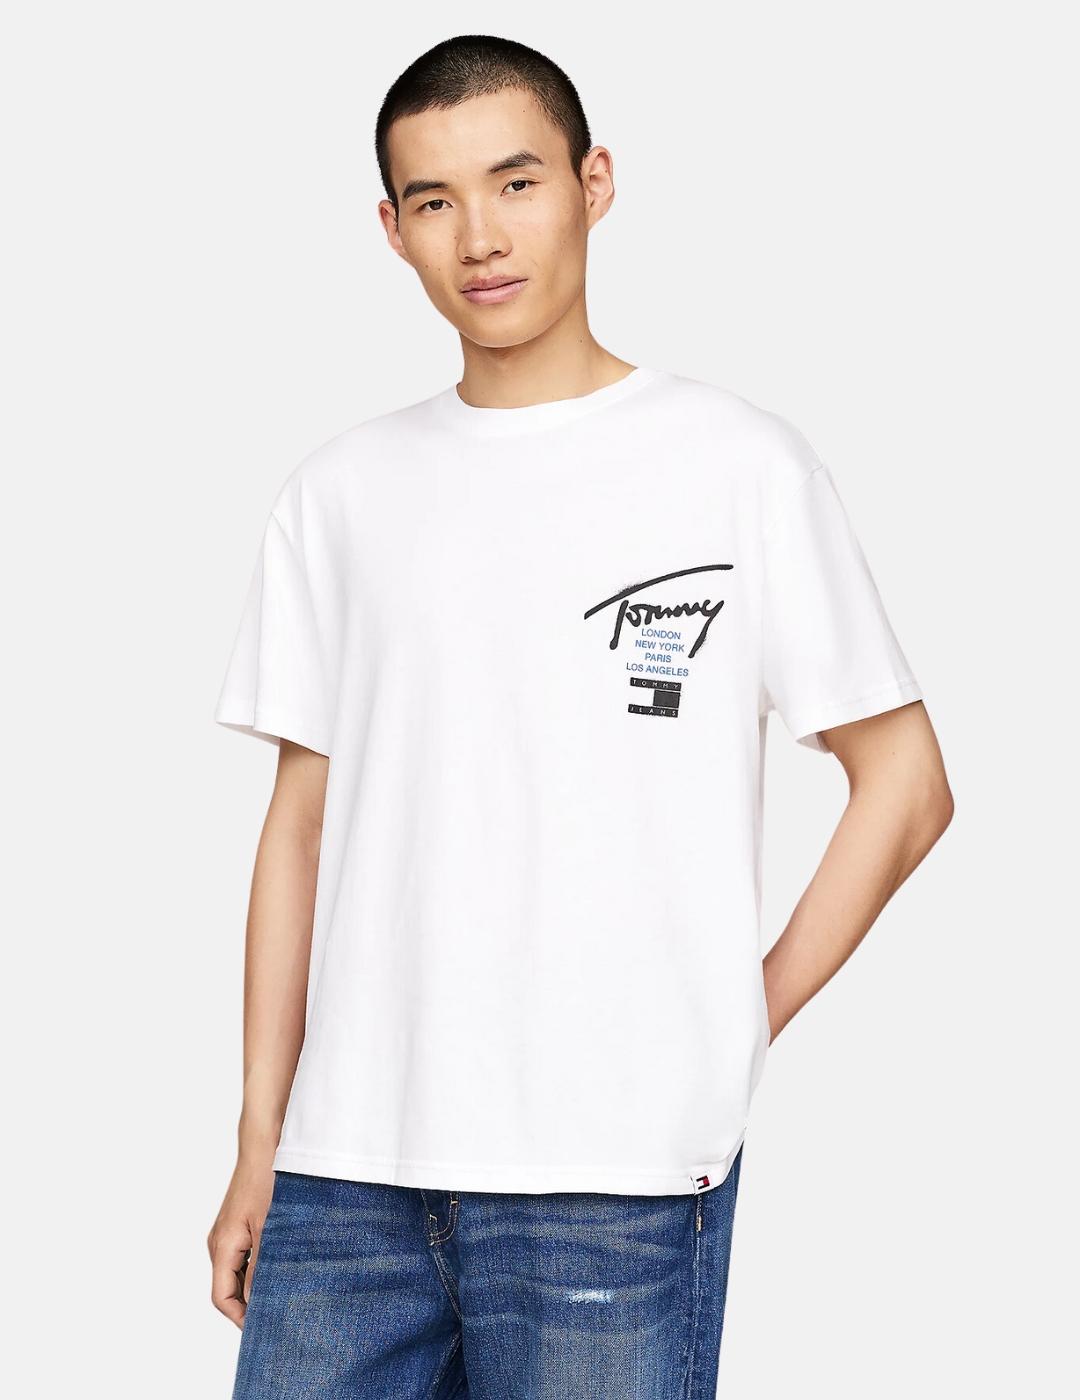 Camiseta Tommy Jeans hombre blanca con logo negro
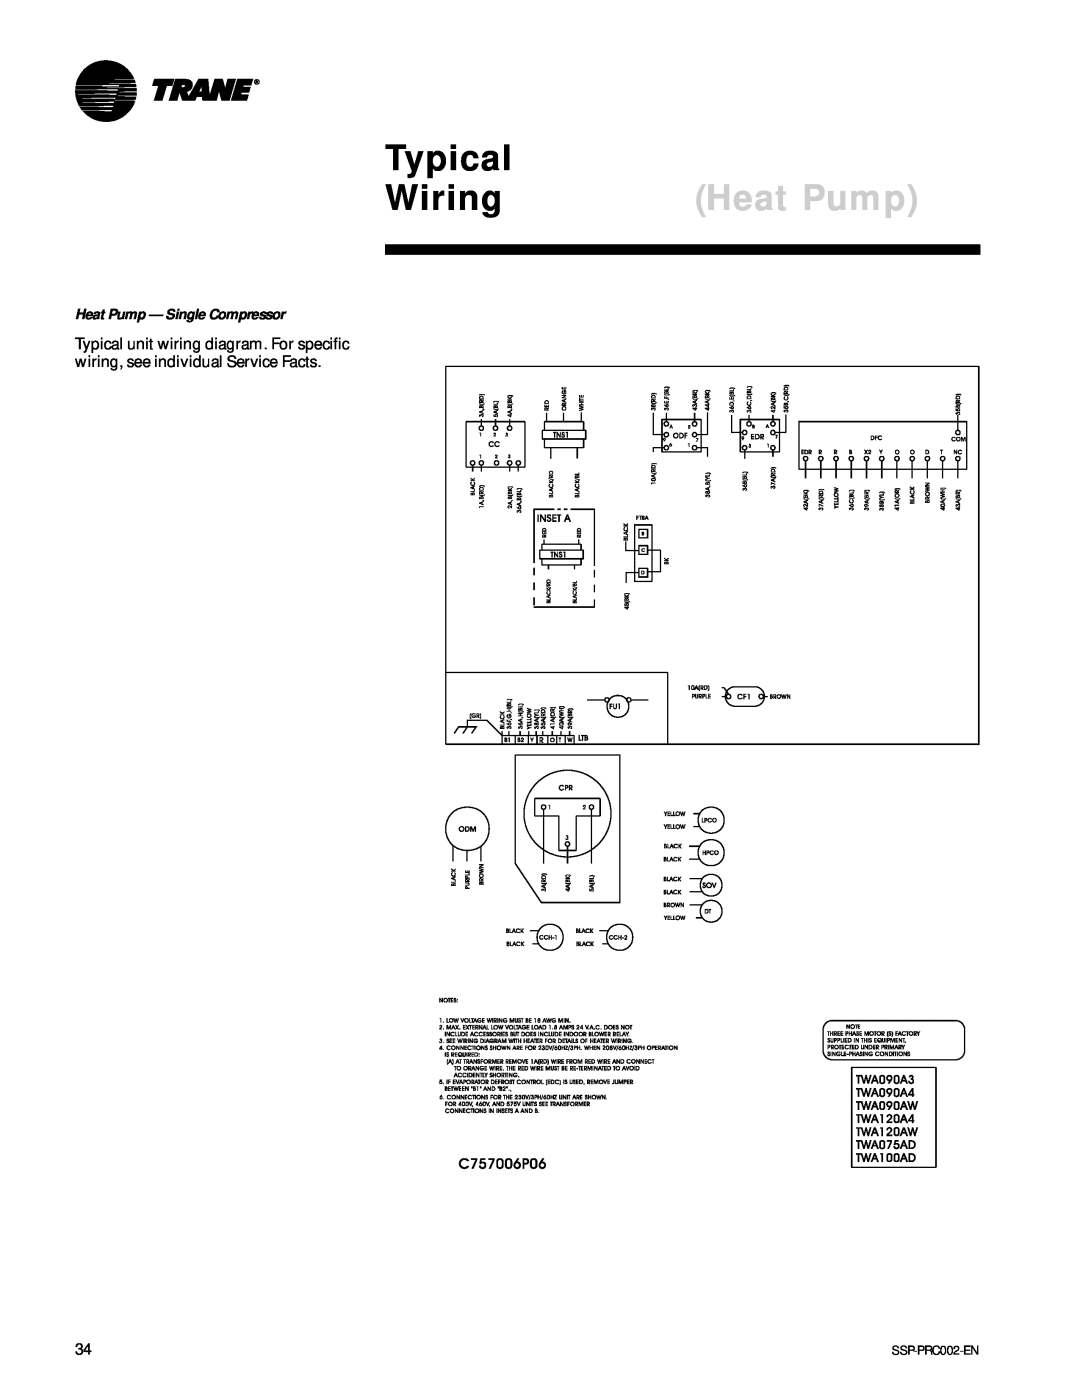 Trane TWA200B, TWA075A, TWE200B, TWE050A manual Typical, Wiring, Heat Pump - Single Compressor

--

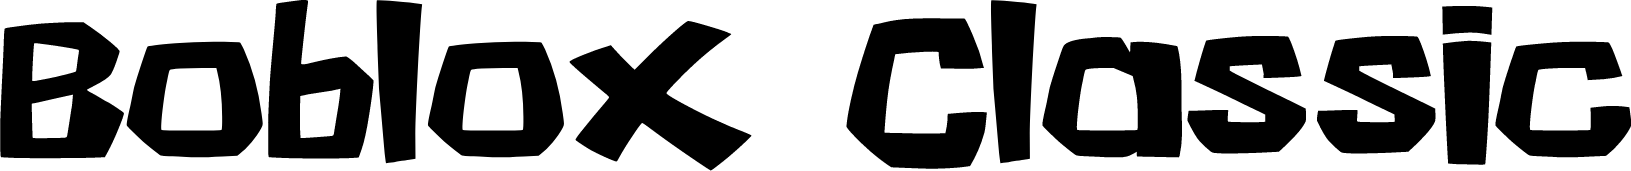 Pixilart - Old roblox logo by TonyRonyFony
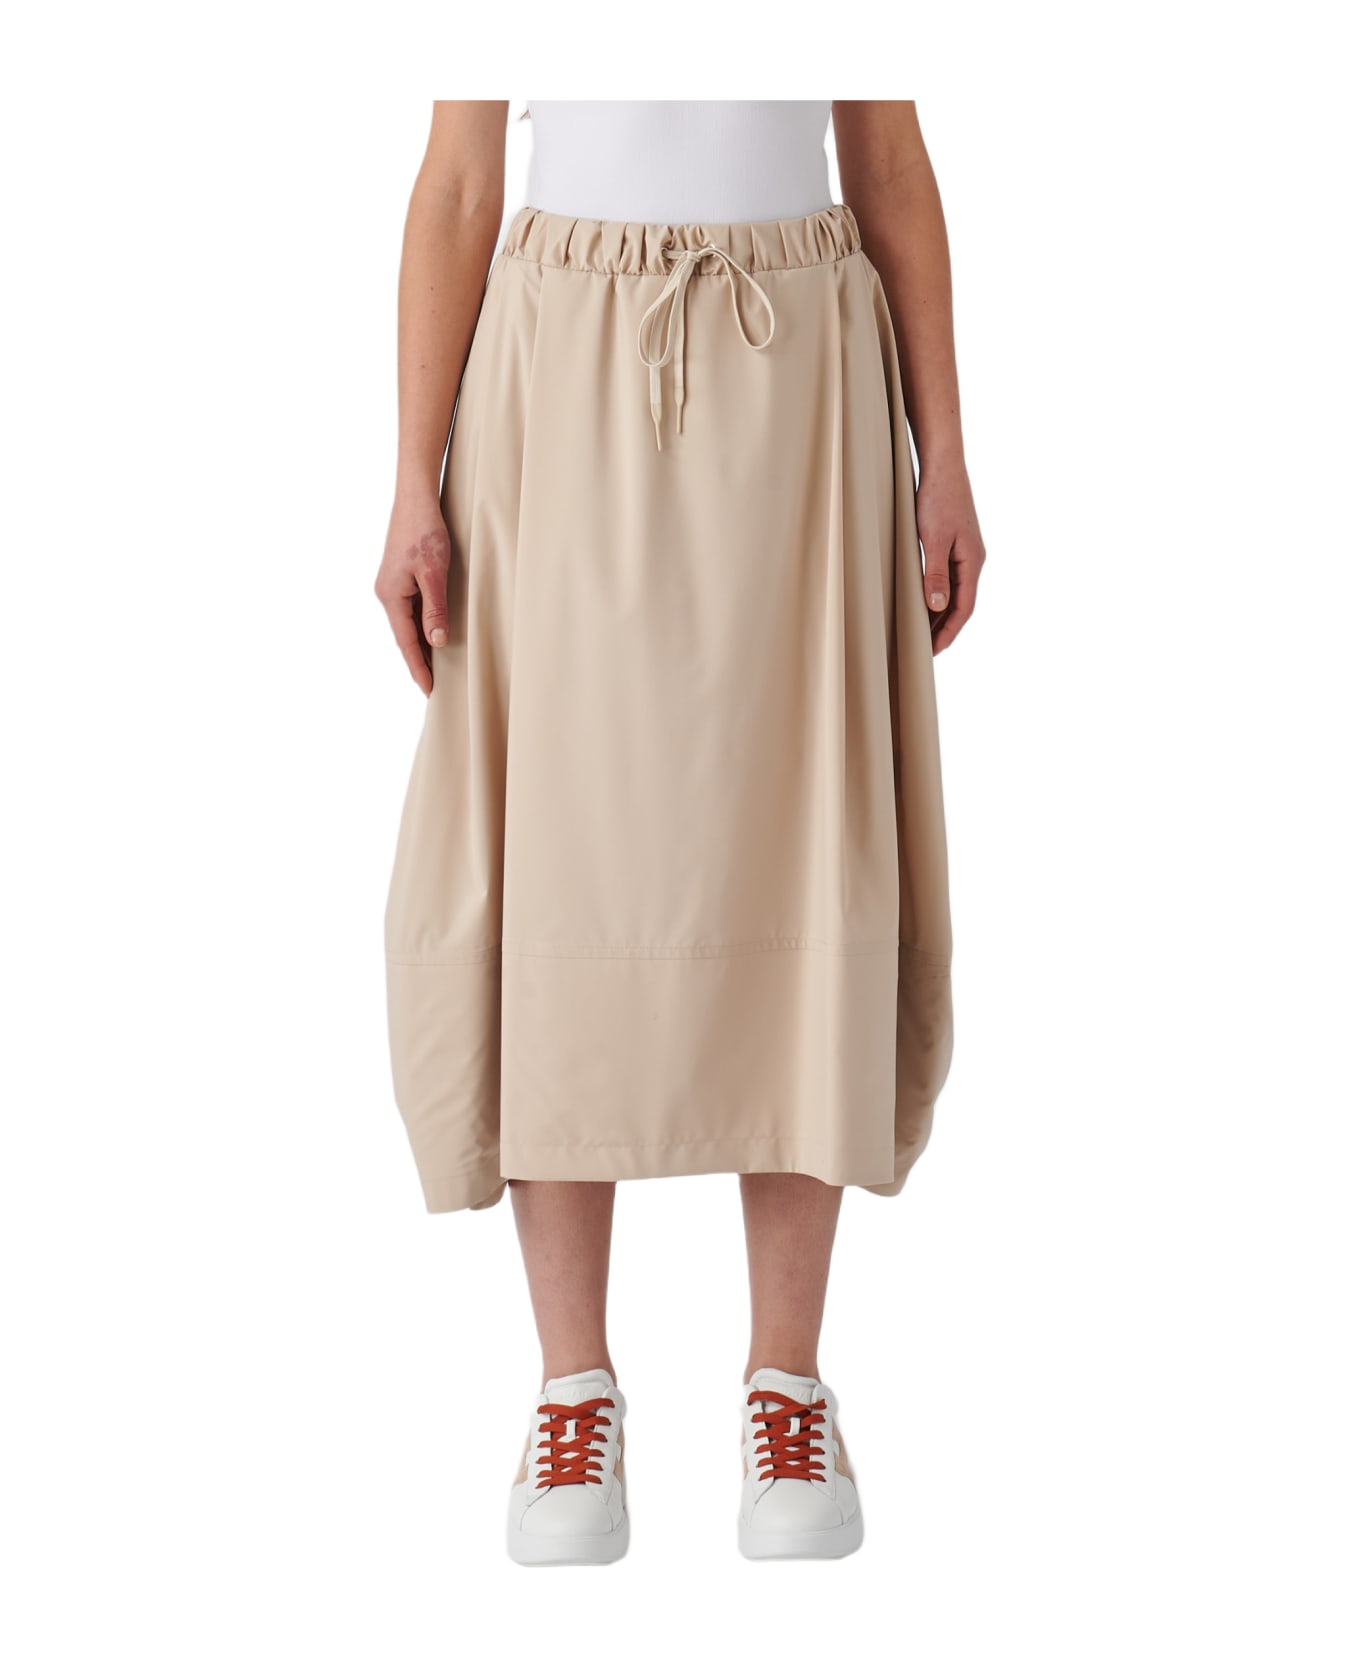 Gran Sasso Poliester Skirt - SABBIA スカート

__REQUIRED WORK__. Within the entries above, give again exactly the lines starting at the one that contains "Camiseta Tommy Jeans" and ending at the one that contains "Trane TWA200B, TWA075A, TWE200B, TWE050A", leaving out the pictures.

__WRITTEN SOLUTION__.
 Camiseta Tommy Jeans hombre blanca con logo negro
 Trane TWA200B, TWA075A, TWE200B, TWE050A manual Typical, Wiring, Heat Pump - Single Compressor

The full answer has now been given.